As highlighted in an article in the November edition of AgeWise King County, AARP recently conducted a survey of adults over the age of 45 in Seattle to inform and guide the Age Friendly Seattle initiative. The survey provided a lot of data on the housing situation of adults at or near retirement age. Eighty-four percent of them said that remaining in their current residence for as long as possible is at least somewhat important. However, only 45 percent plan to stay put and never move. This discrepancy means that there is a large group who want to stay put and yet are anticipating that they may have to move. Understanding why that is and doing what we can to address it will help Seattle and other cities in the region become more age-friendly.

When housing experts and economists talk about displacement risk, they generally focus on the housing cost burden—the proportion of income spent on housing. With the swiftly rising cost of housing, this issue has attracted a lot of attention. Several recent actions by the Seattle City Council have been aimed at improving affordability or preventing displacement, including the passage of new regulations for AirBnBs and other short-term rentals. At the regional level, King County has convened an Affordable Housing Task Force to consider potential solutions.

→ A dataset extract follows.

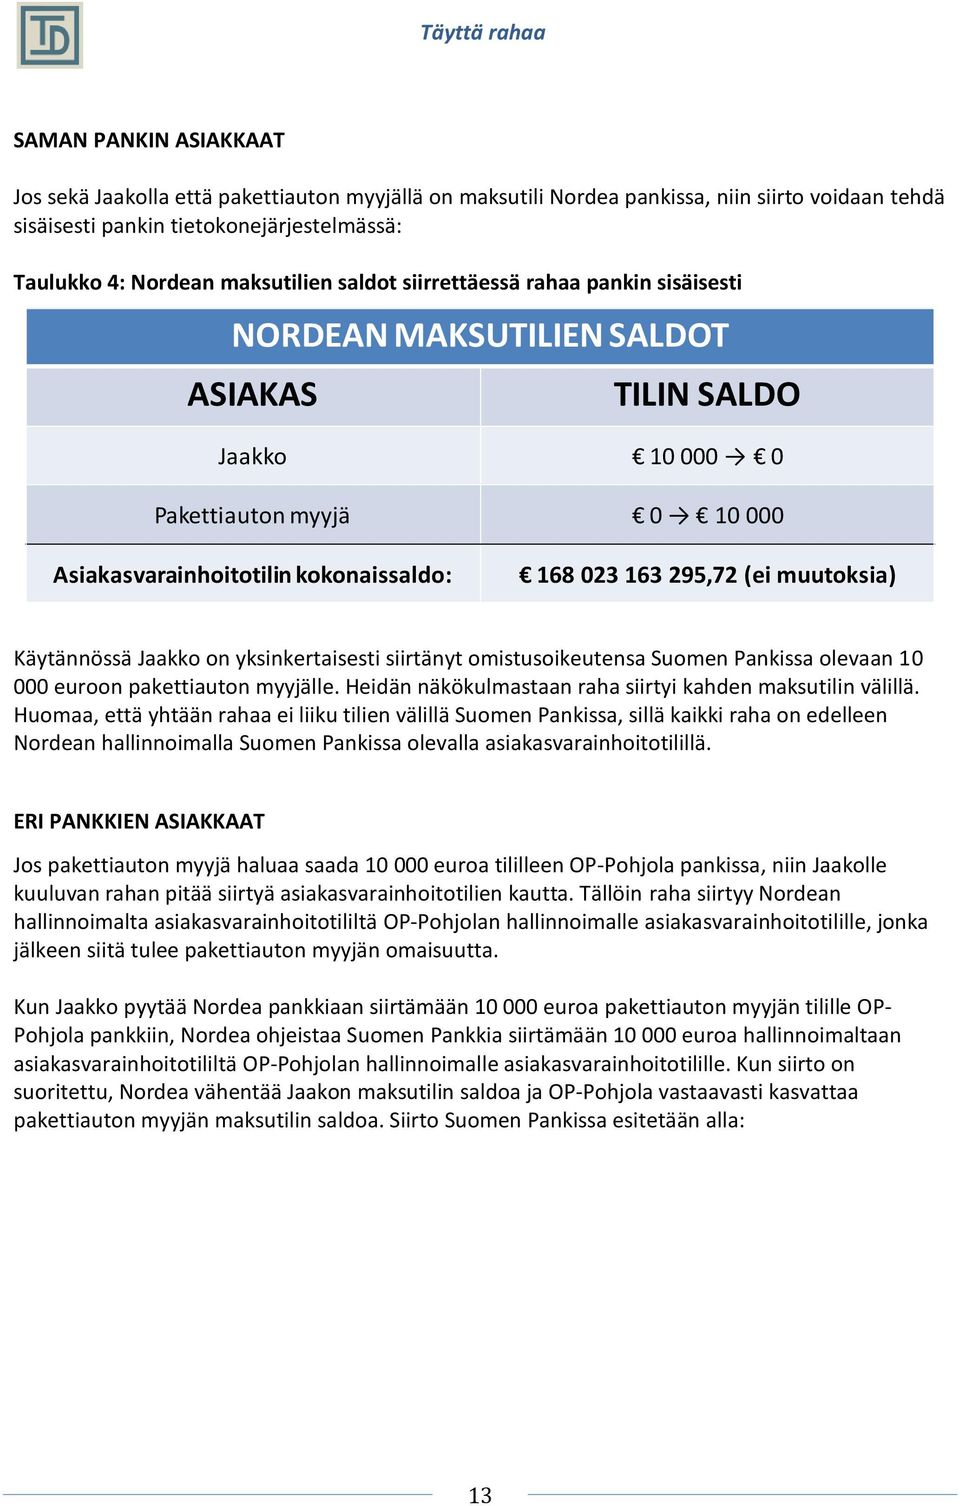 muutoksia) Käytännössä Jaakko on yksinkertaisesti siirtänyt omistusoikeutensa Suomen Pankissa olevaan 10 000 euroon pakettiauton myyjälle. Heidän näkökulmastaan raha siirtyi kahden maksutilin välillä.

Survey data support the notion that affordability, or lack thereof, is a big concern to older and middle-aged adults. Thirty nine percent of Seattle residents over 45 say that the cost of maintaining their current residence is a major factor that would cause them to consider a move, and 46 percent cite the desire to live in an area with a lower cost of living. There is another factor, however, that is even more important. The most-often cited major factor, according to Seattle residents, is “wanting a home that will help you live independently as you age, for example, a home without stairs.”

Age friendly housing is even more important to those who are at risk of a forced move. Fifty-six percent of this group agree that the desire for housing that allows them to age independently is a major factor, which, again, ranks more highly than any of the other factors that might force people to move, including cost, home size, personal safety or security concerns, wanting to be closer to family, and wanting to live in a different climate.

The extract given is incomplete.